Leila Bouasria observe pourtant depuis quelques années les débuts d’un renversement des rôles, en l’occurrence dans la structure conjugale, qu’elle juge «de moins en moins précis». L’idéal de l’homme en tant que principal pourvoyeur de revenus commence à se heurter à une réalité aujourd’hui quelque peu différente. Dans son ouvrage intitulé «Les ouvrières marocaines en mouvement : qui paye ? Qui fait le ménage ? Et qui décide ?» (Paris, l’Harmattan, 2013), Leila Bouasria recueille notamment le témoignage d’une ouvrière d’une usine de Casablanca qui traduit bien ce renversement des rôles, quoi qu’encore marginal dans la société marocaine : «Je faisais tout pour que mon mari ne se sente pas redevable ou rabaissé (Maihesch benneqs), pour qu’il n’ait besoin de rien (…) il n’avait même pas à demander, je lui donnais même l’argent de poche pour qu’il sorte au café avec ses copains», raconte l’ouvrière.

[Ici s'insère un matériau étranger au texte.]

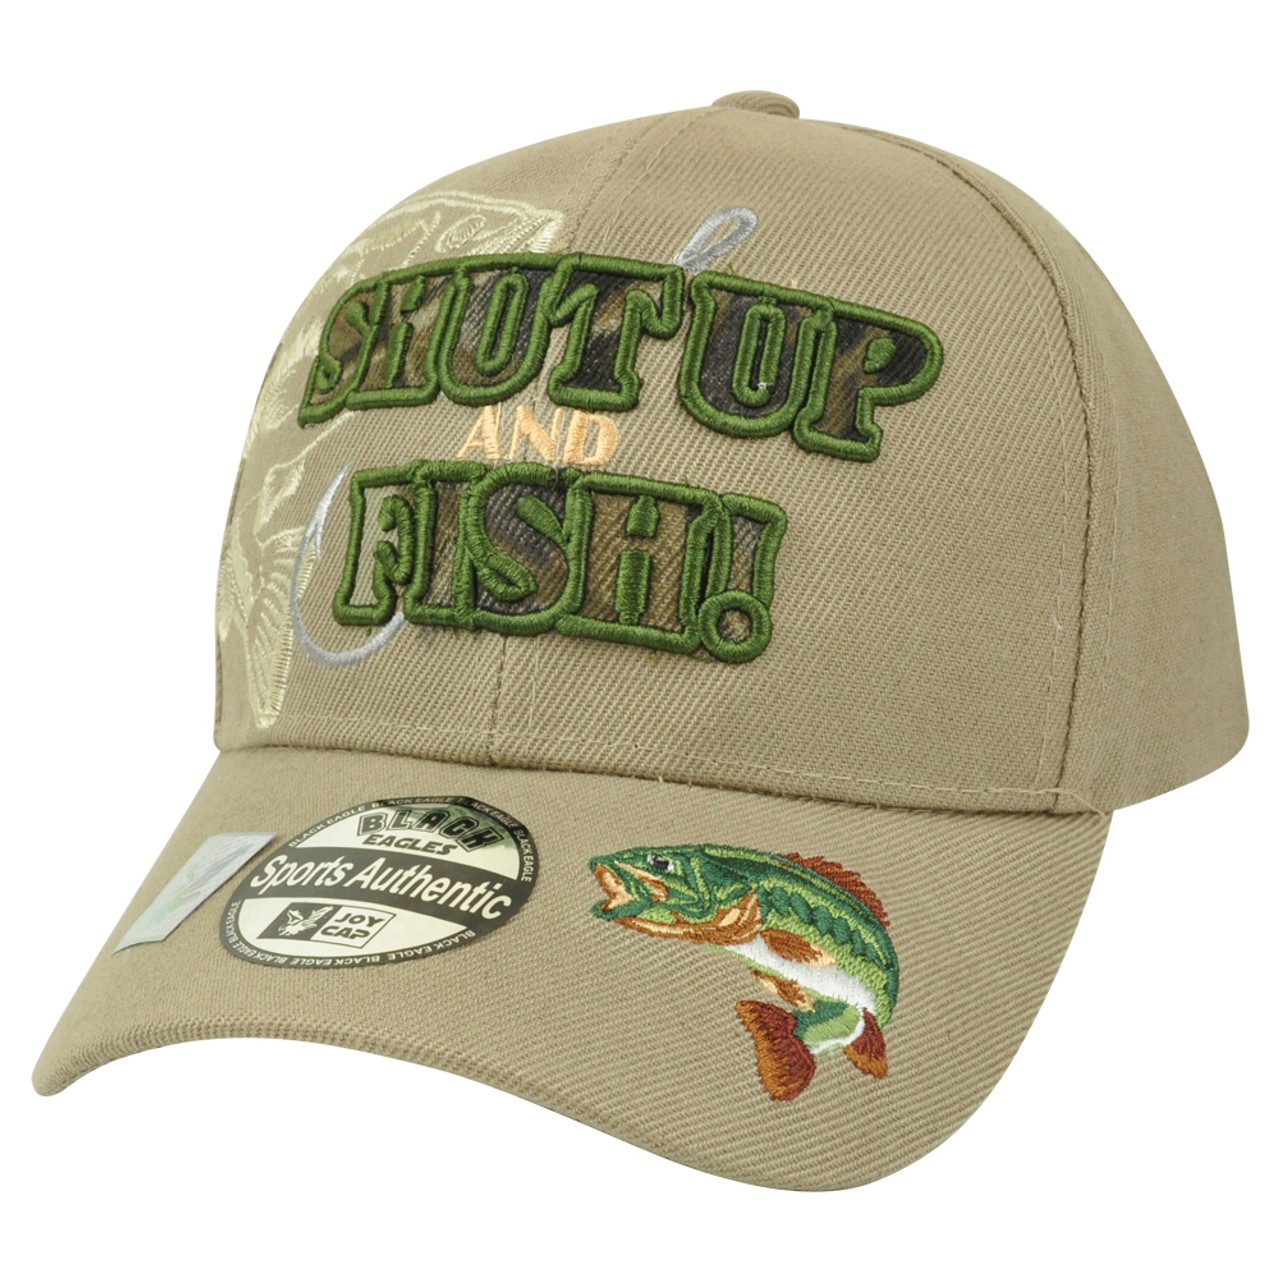 Shut Up and Fish Fishing Bass Hook Outdoors Beige Velcro Camping

Dans son ouvrage, Leila Bouasria explique que c’est lorsque le mari de cette femme réintègre le marché du travail que le conflit éclate : «Quand mon mari a trouvé un emploi, je fus déçue de l’entendre me demander de partager les dépenses à moitié, (…) moi qui avais passé plus de cinq ans à l’entretenir en attendant le jour où il allait sortir de cette situation et me reposer un peu. Je peux dire que c’était l’une des causes principales du divorce, son manque de reconnaissance.»

…dans une structure conjugale où le pouvoir peine à s’équilibrer

«On ne peut saisir la question du patriarcat et de la domination que si on la met en lumière avec le référentiel de valeurs qui fonde l’ordre normatif d’une société. Les normes sont en train de changer ; elles sont mouvantes. Dans la pratique, on voit très bien que les rôles conjugaux sont en train d’évoluer ; ils sont plus imprévisibles, plus négociables», explique Leila Bouasria, pour qui cette négociation des rôles peut être en revanche vectrice de tensions entre hommes et femmes et, par conséquence, de violences.

«Aujourd’hui, s’il y a conflit, c’est un signal qu’il y a une opposition à un ordre patriarcal considéré comme légitime. Cette transition, qui incite à une certaine ambiguïté normative, à une certaine négociation des rôles, peut être à l’origine de certaines violences.»

Leila Bouasria

Pour Leila Bouasria, la conception du pouvoir au sein de l’unité conjugale n’est pas conçue différemment «qu’en termes de jeu à somme nulle», ces jeux qui veulent que le gain de l’un constitue obligatoirement une perte pour l’autre. «Si la femme a le pouvoir, cela veut dire qu’elle est en train d’usurper la place de l’homme et de lui ôter son pouvoir. C’est une forme d’égalité subversive, c’est-à-dire que si quelqu’un reprend un peu de pouvoir, c’est que l’autre le perd. Pour l’instant, on n’arrive pas à vivre cette égalité de manière équilibrée», conclut-elle.

(*) Pierre Bourdieu est notamment l’auteur de «La domination masculine» (Editions du Seuil, 1998), dans lequel il développe une analyse sociologique des rapports sociaux entre les sexes.